_Action item:_
Please take the lines from the one holding "Photo of Fashion" through the one holding "paint can opened, paint" in the data below and copy them exactly.

_The input:_

================================

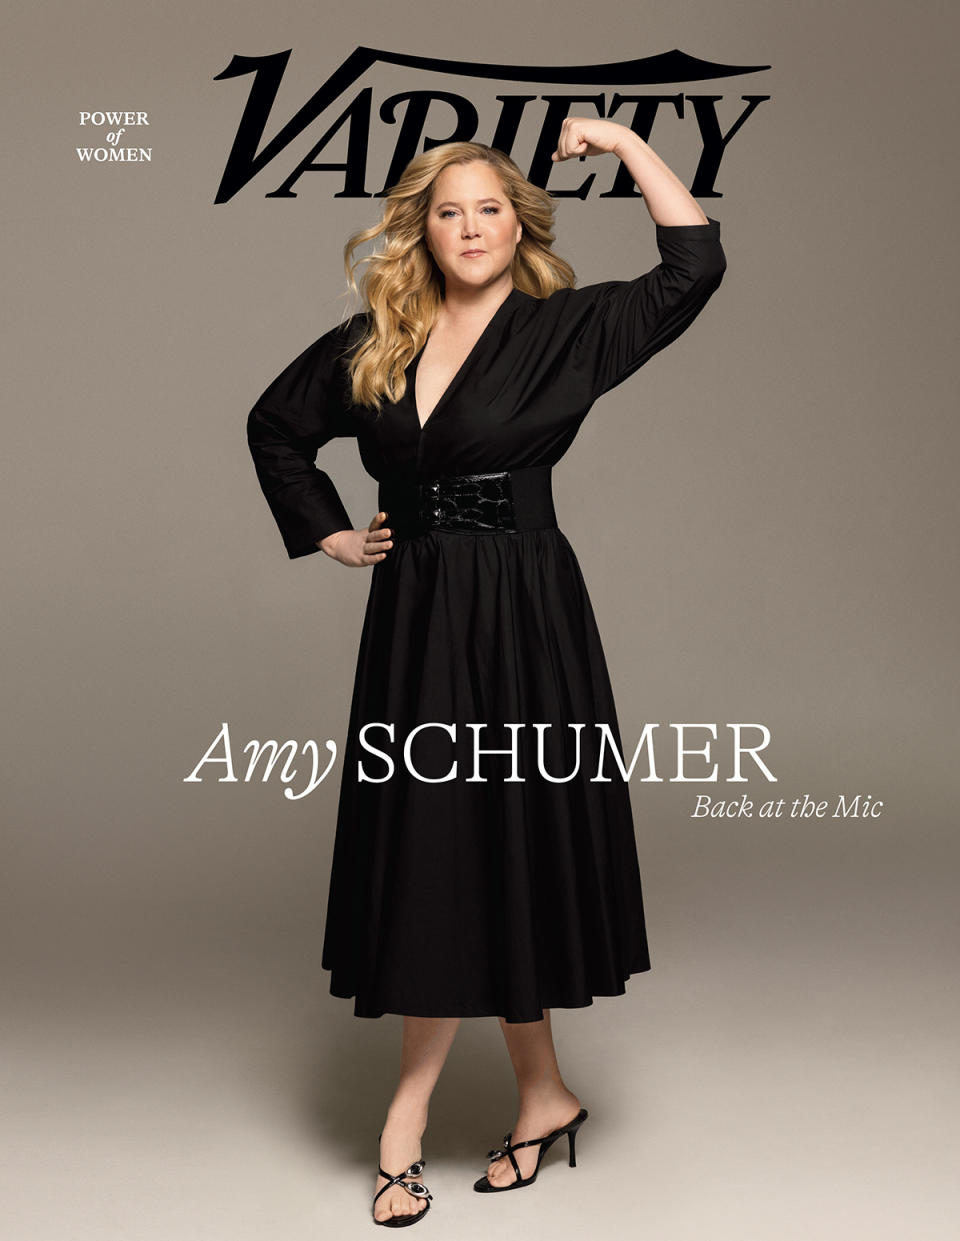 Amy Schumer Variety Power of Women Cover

================================

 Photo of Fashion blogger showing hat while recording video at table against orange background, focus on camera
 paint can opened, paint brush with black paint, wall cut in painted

================================

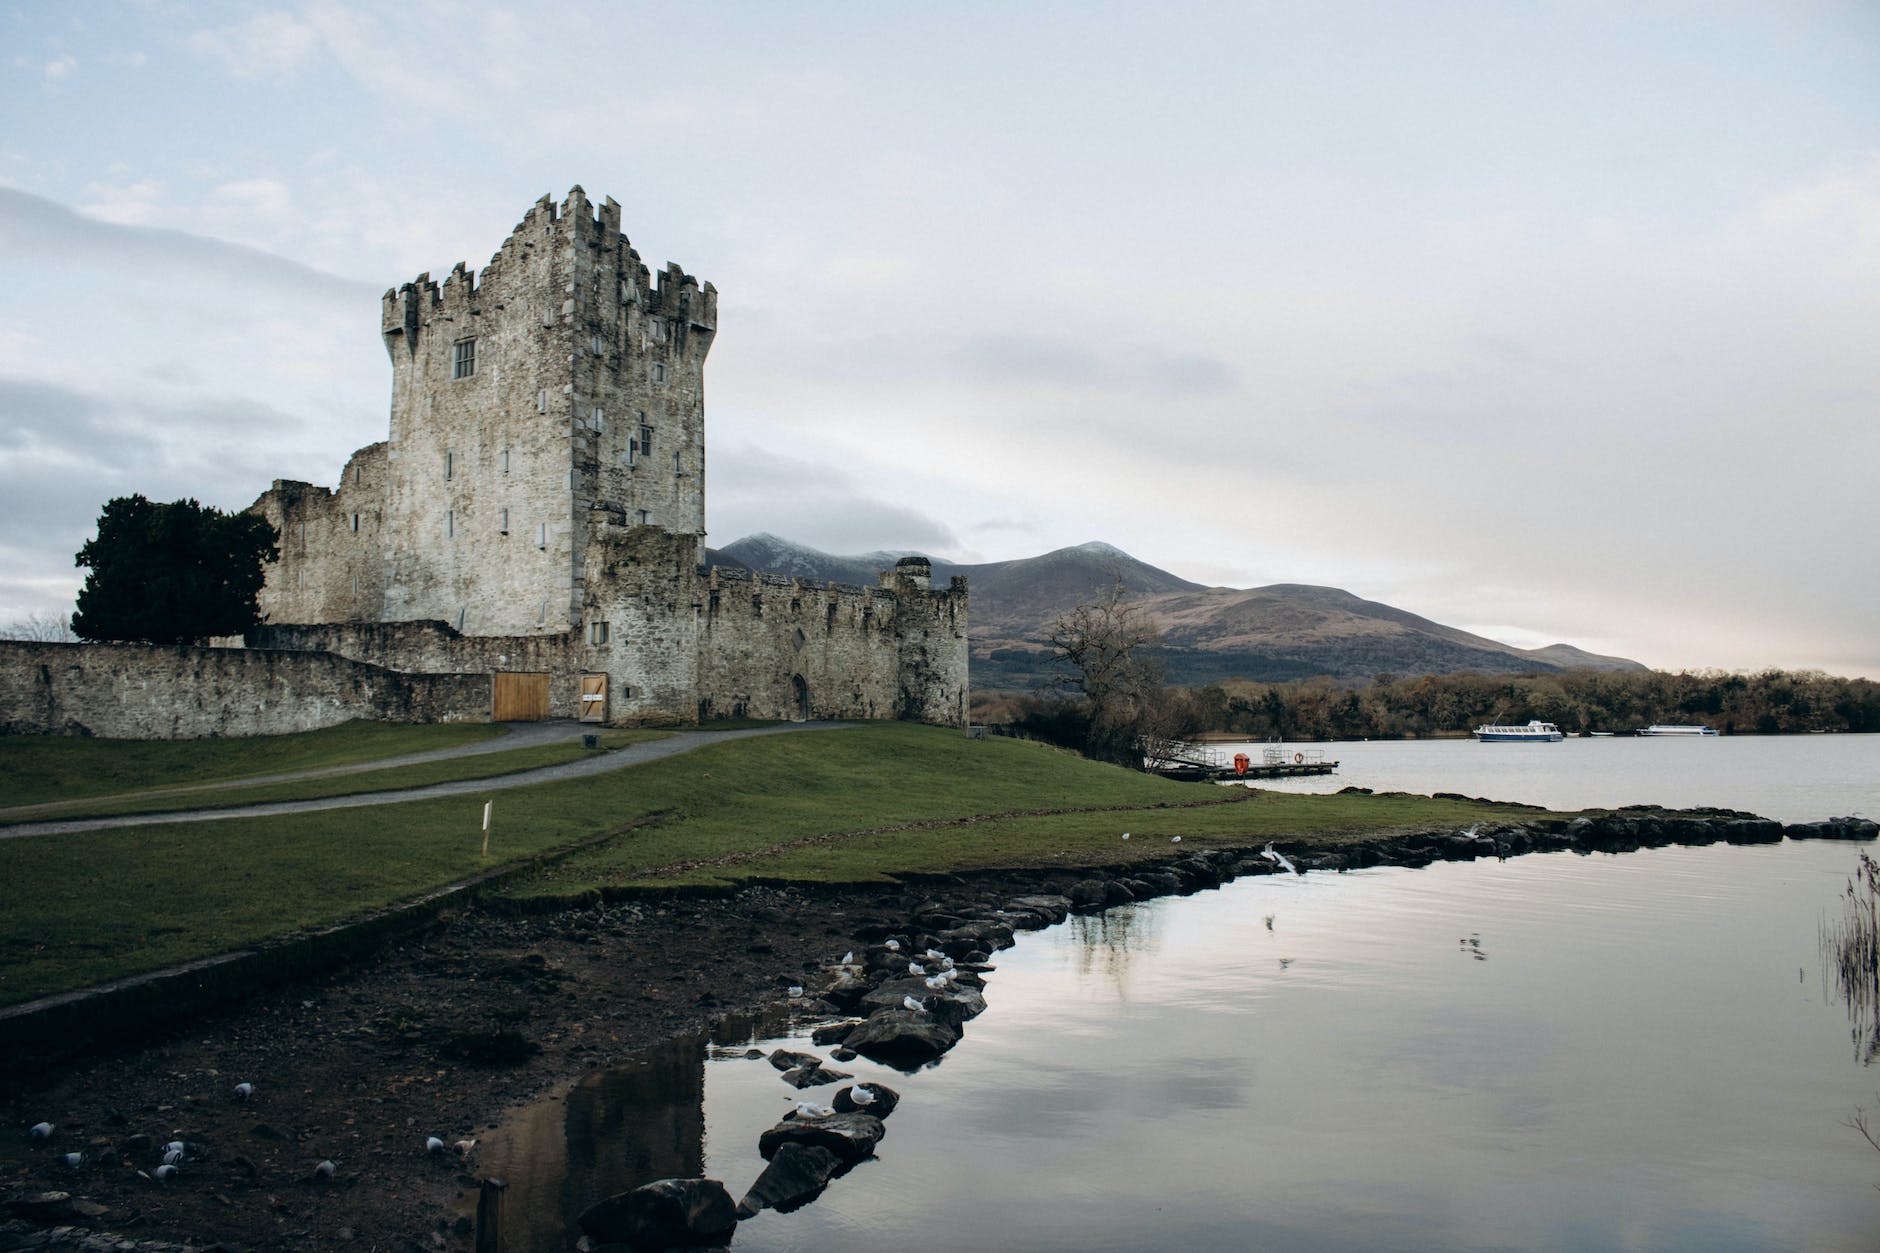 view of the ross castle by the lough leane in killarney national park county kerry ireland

================================

_Reply to the exercise:_
 Photo of Fashion blogger showing hat while recording video at table against orange background, focus on camera
 paint can opened, paint brush with black paint, wall cut in painted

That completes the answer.